# DAT565/DIT407 Assignment 3

Author: Group 26 | Wenjun Tian wenjunt@chalmers.se | Yifan Tang yifant@chalmers.se

Date: 2024-11-20

# Problem 1: Spam & Ham

## A. Data exploration

By the judgment as a human being, these following features makes me able to tell spam apart from ham:

1. Topic and related key words: Spam emails mostly focus on commodity promotion, dating/porn website promotion, and pure scam. For commodity promotion emails, there are key words related to prices, such as "$", "cash", and "cheap"; for dating/porn website promotion, there are key words concerning sexual features, such as "amateur", "wives", and "girls"; for scam emails, mostly, might focus on topics like unexpected fortune or job opportunities. By contrast, ham emails have various topics, including work-related content, personal communication, and legitimate newsletters.

2. Structure of the `HTML` content: Spam emails are usually generated from a fixed template, thus most of them have complex and fancy `HTML` structures. These can include various fonts, colors, and embedded media. On the other hand, ham emails are simple and neat in most cases, which focuses on direct communication.

3. Spam markers: Spam emails tend to be marked as AD by mail server admins and users, while ham emails do not. Moreover, spam emails sometimes explicitly assert "This is NOT spam!" or something similar, which is a very poor lie that reveals the truth. On the other hand, ham emails lack such markers and are usually consistent in terms of content and senders.

Furthermore, the reasons that make hard ham emails different from easy ham emails but similar to spam emails are as follows:

1. Similar content to spams: Hard ham emails also focus on promotion of commodities, companies, etc. This makes hard ham emails look like spams, especially in their subject and promotion words.

2. Created from templates: Hard ham emails are also created from templates and sent to a large amount of people, which resembles spams in terms of `HTML` structure.

Though hard ham emails are hard to distinguish from spams, there is a key feature that differentiates those two: Most hard ham emails have "unsubcribe" key word, meaning that the receivers can reject further emailing. However, spam emails rarely provide such function.

## B. Data splitting

We perform the train-test set split with a ratio of 3:1 by invoking `train_test_split()` function in `sklean.model_selection` package.

# Problem 2: Preprocessing

We read email files from specified categories (`easy_ham`, `hard_ham`, and `spam`) and stores their content in a `DataFrame` for further analysis.

In the `read_email_file()` function, we try to read the content of an email file using different encodings (ascii, iso-8859-1, and utf-8) to handle potential encoding issues. If one encoding fails, the function attempts the next one, ensuring that most email files can be read without errors.
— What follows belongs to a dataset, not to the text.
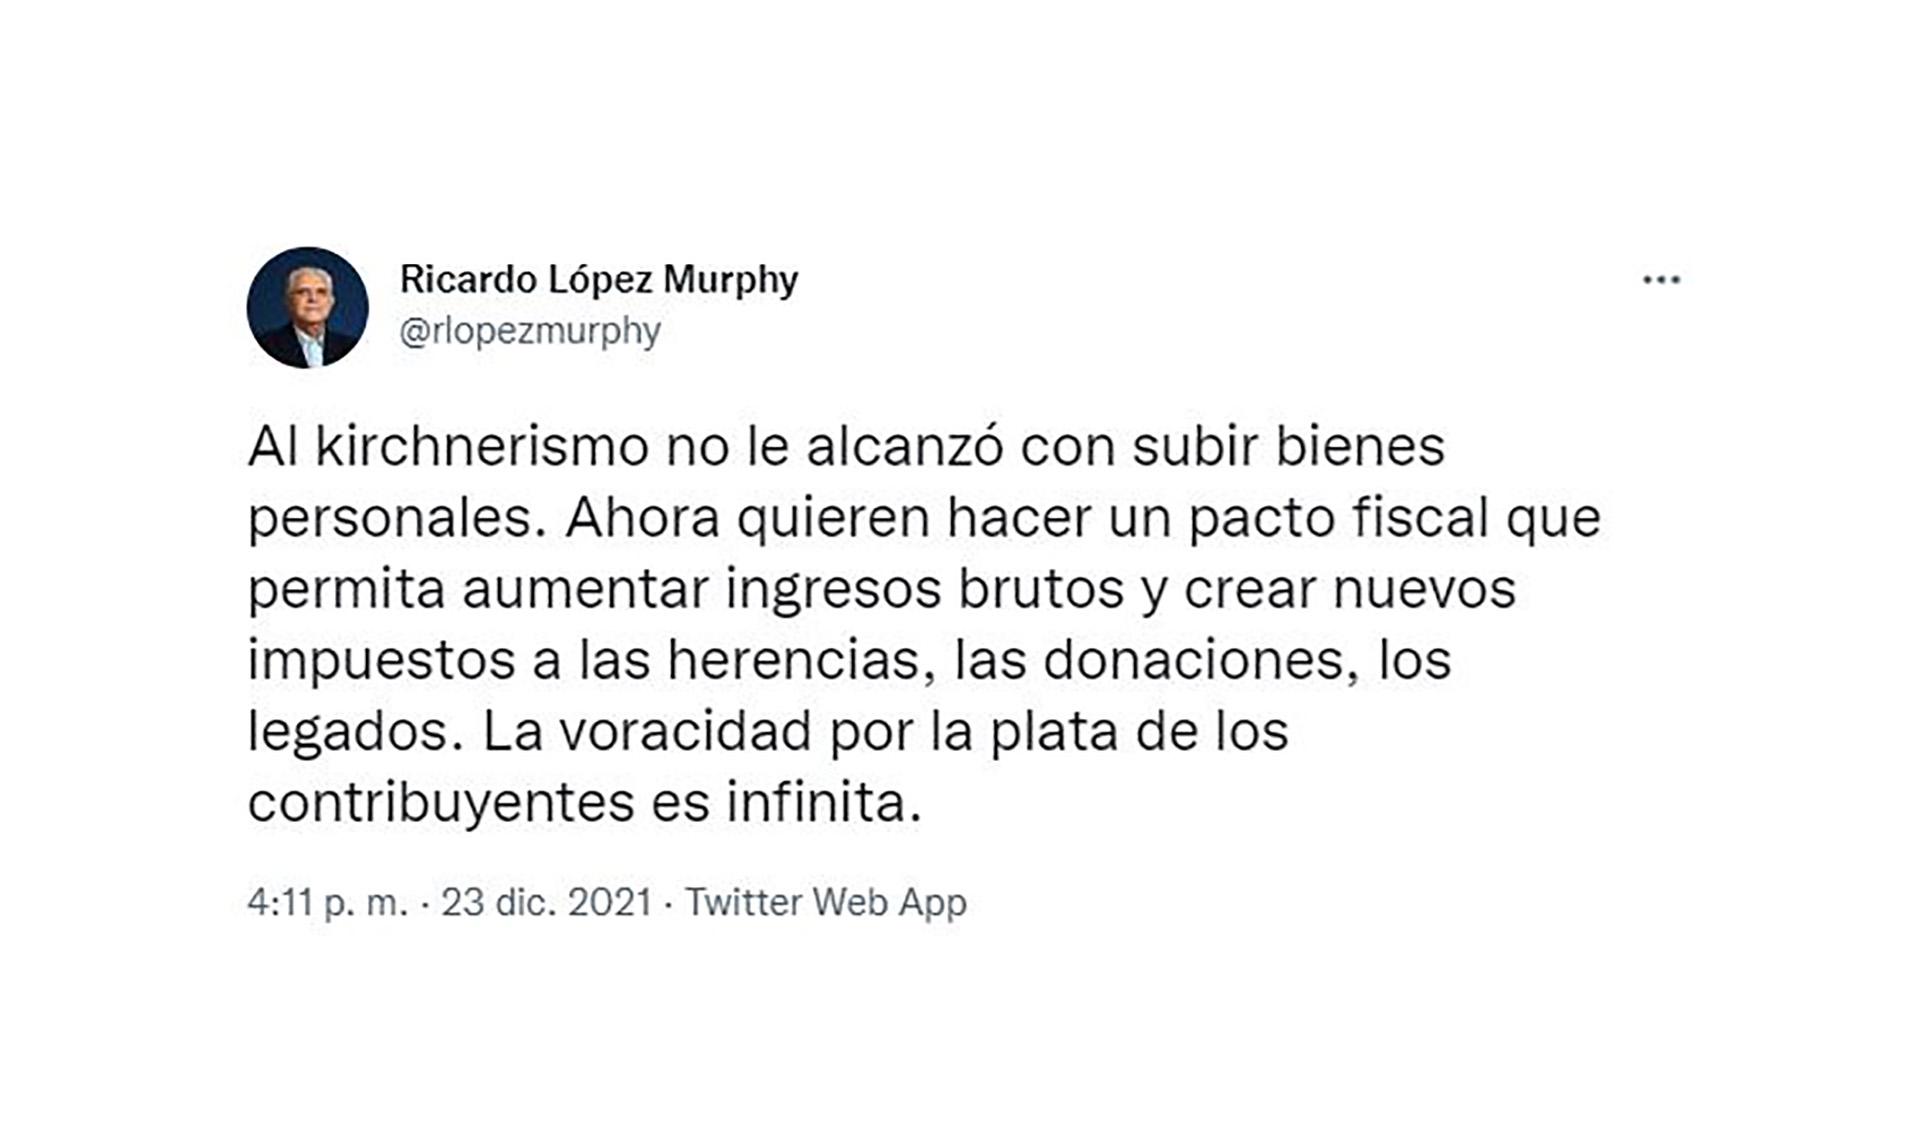 El tuit de López Murphy contra la "voracidad fiscal"

For each email file, the content is read using `read_email_file()` and a dictionary containing the content (`Content`) and its category (`Category`) is created.

After reading all email files, we convert the list of dictionaries into a `DataFrame` where each line represents an email file.

In [7]:
import os
import pandas as pd

'''
description: read email file, return the content
param {str} file_path
return {str} content of file 
'''
def read_email_file(file_path: str) -> str:
    try:
        with open(file_path, 'r', encoding='ascii') as f:
            content = f.read()
        return content
    except UnicodeDecodeError as e:
        try:
            with open(file_path, 'r', encoding='iso-8859-1') as f:
                content = f.read()
            return content 
        except UnicodeDecodeError as e:
            with open(file_path, 'r', encoding='utf-8') as f:
                content = f.read()
            return content 
    
categories = ["easy_ham", "hard_ham", "spam"]

rows = []

#read from email files
for root, _, files in os.walk("."):
    for category in categories:
        if category in root:
            for f in files:
                rows.append({
                    "Content": read_email_file(os.path.join(root, f)),
                    "Category": category
                })

df = pd.DataFrame(rows)

df

Unnamed: 0,Content,Category
0,Return-Path: <bounce-lgmedia-2534370@sprocket....,hard_ham
1,Return-Path: <Online#3.19725.55-A8YAgb1NX5rYkd...,hard_ham
2,Return-Path: <Online#3.19592.a8-JNyKlW9O8FdiLs...,hard_ham
3,From bounce-neatnettricks-2424157@silver.lyris...,hard_ham
4,Return-Path: <Online#3.20115.09-rB-TgEkNwY9w6R...,hard_ham
...,...,...
3297,From Alex-09242002-HTML@frugaljoe.330w.com Th...,spam
3298,From mando@insiq.us Mon Aug 26 15:49:52 2002\...,spam
3299,Return-Path: ler@lerami.lerctr.org\nDelivery-D...,spam
3300,From fholland@bigfoot.com Wed Sep 11 19:43:52...,spam


# Problem 3: Easy Ham

## 3.1 Code logic
First, we perform the train-test set split with a ratio of 3:1 by invoking `train_test_split()` function.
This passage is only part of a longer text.